▶ **PROBLEM TO SOLVE**
Give the lines again exactly as they appear below, from the line with "Inge-Look-banner-def" to the line with "People trees dark ambiance", both included, and only those lines. Leave every picture out.

▶ **INPUT RECORDS**
◆ ◆ ◆ ◆ ◆ ◆ ◆
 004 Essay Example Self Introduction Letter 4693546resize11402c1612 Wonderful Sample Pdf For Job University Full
◆ ◆ ◆ ◆ ◆ ◆ ◆
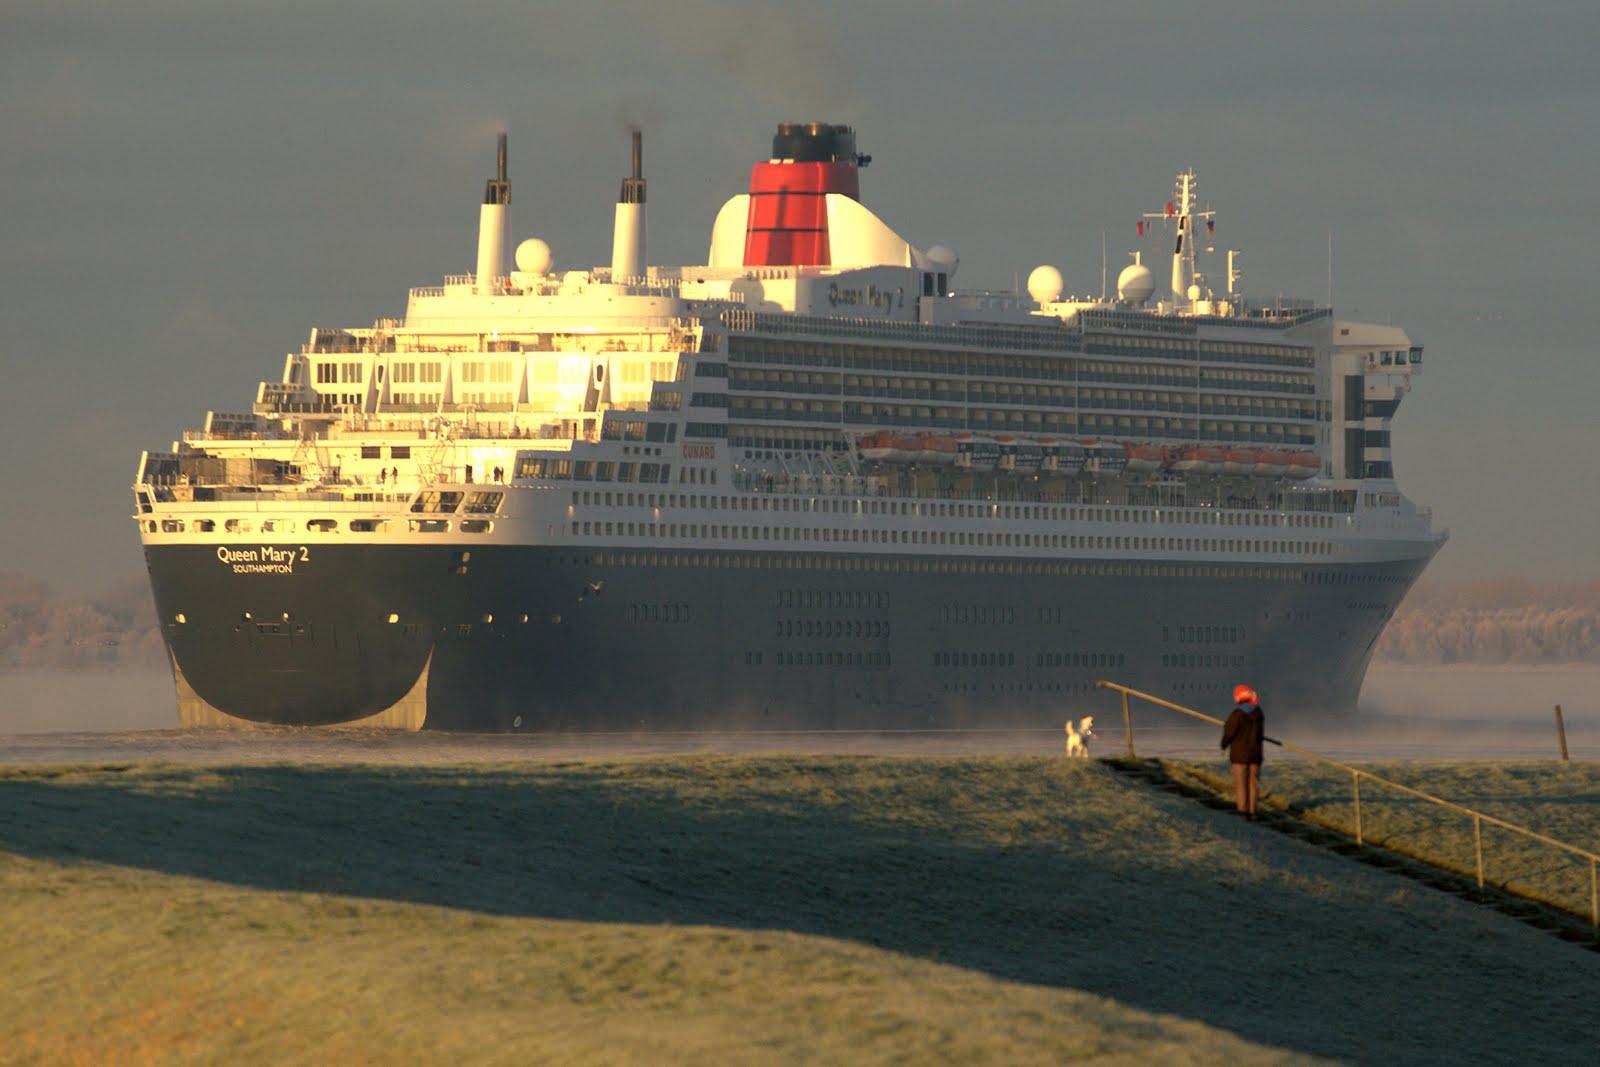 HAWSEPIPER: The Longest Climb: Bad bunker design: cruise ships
◆ ◆ ◆ ◆ ◆ ◆ ◆
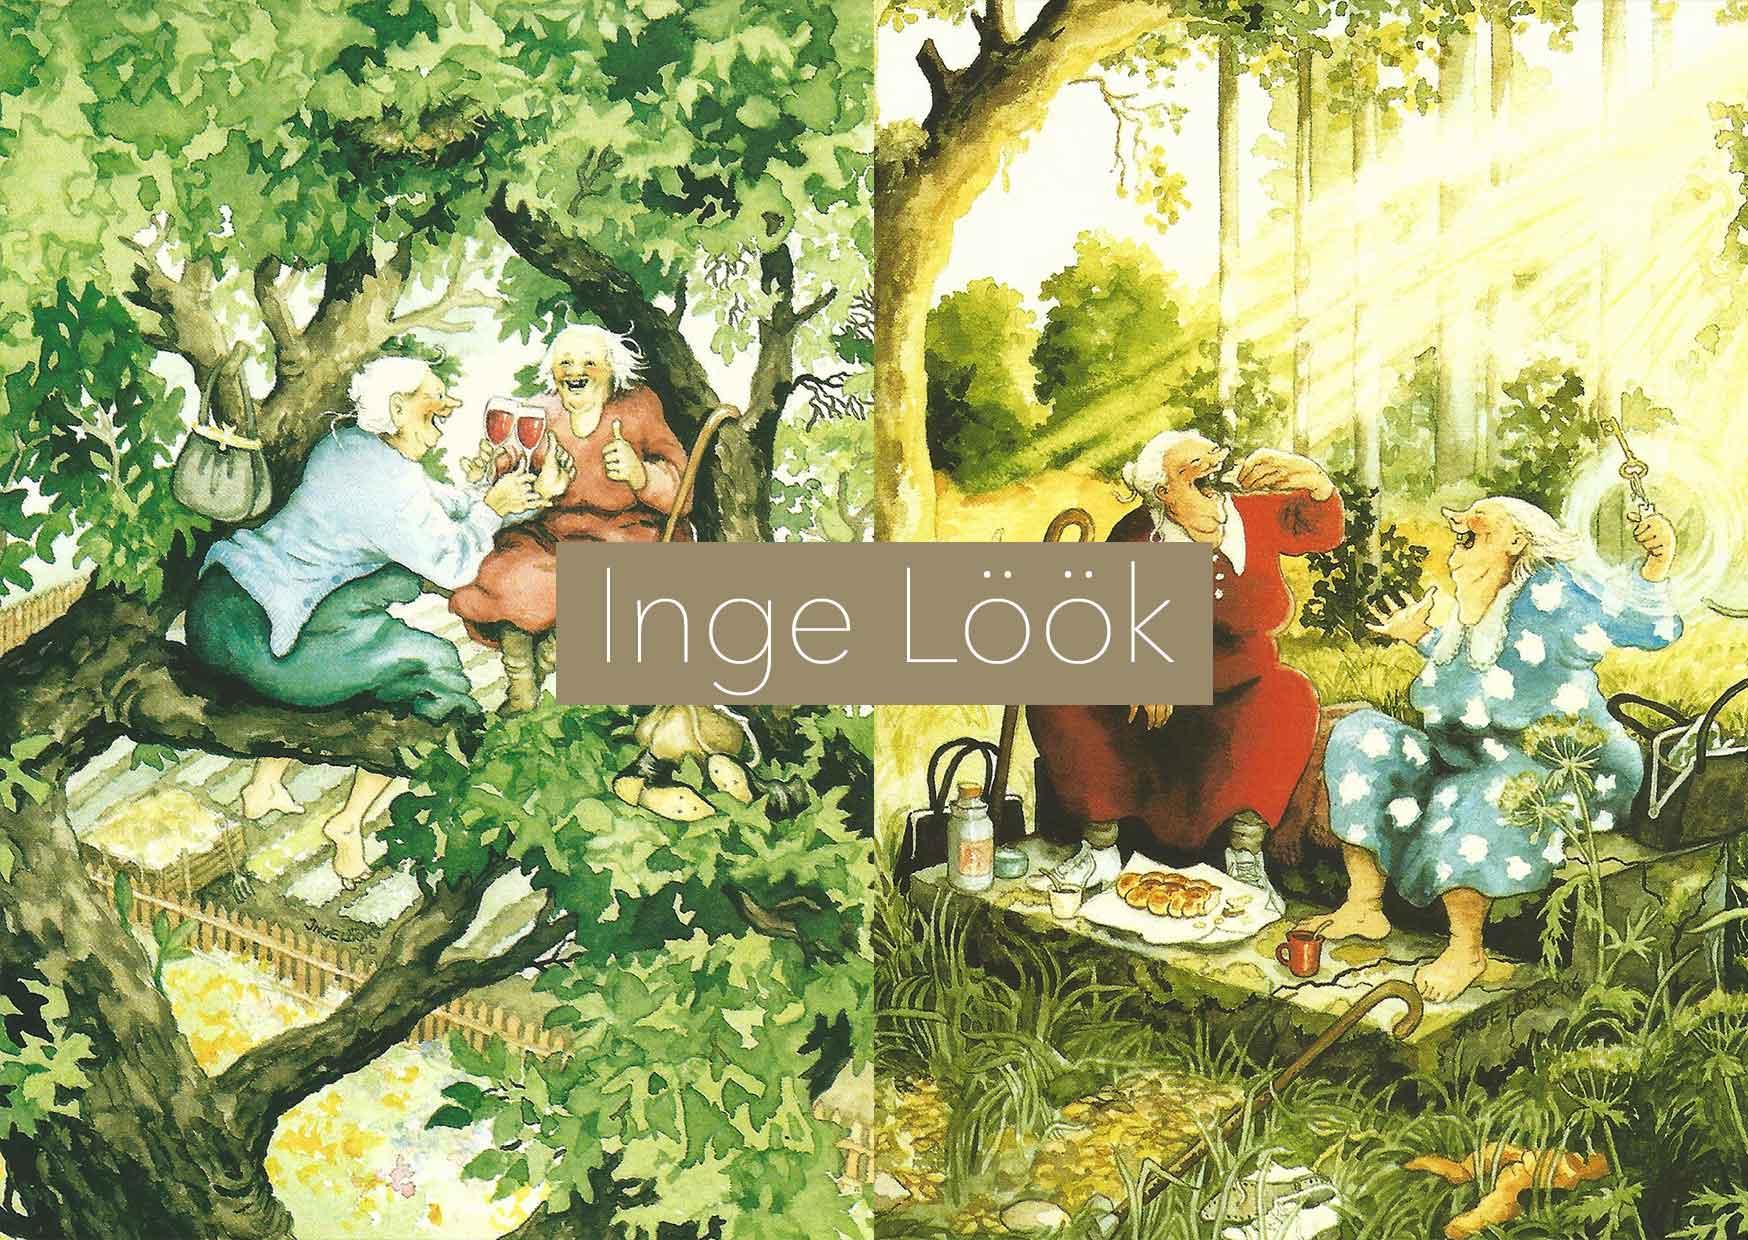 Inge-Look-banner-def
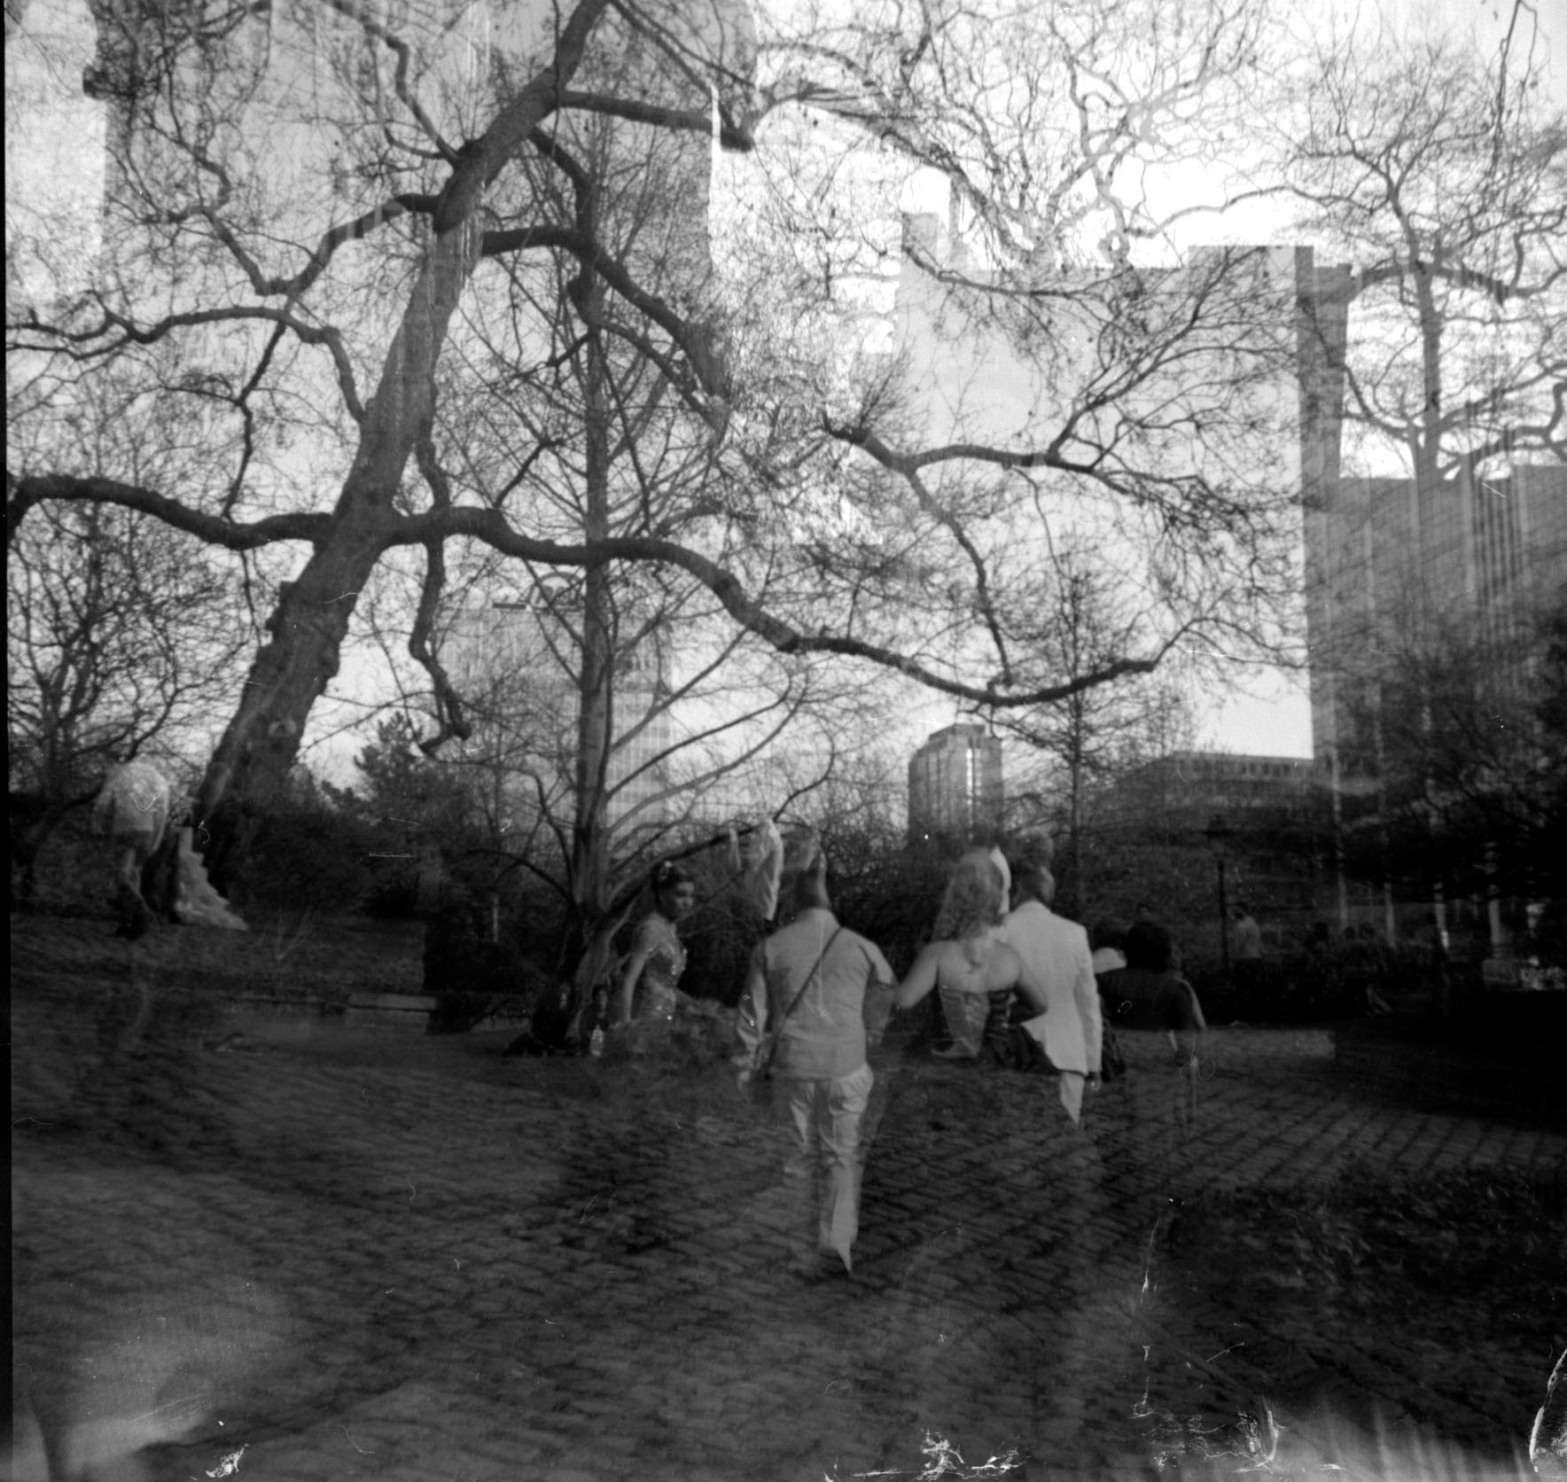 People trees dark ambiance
◆ ◆ ◆ ◆ ◆ ◆ ◆
▶ **SOLUTION TO THIS EXERCISE**
 Inge-Look-banner-def
 People trees dark ambiance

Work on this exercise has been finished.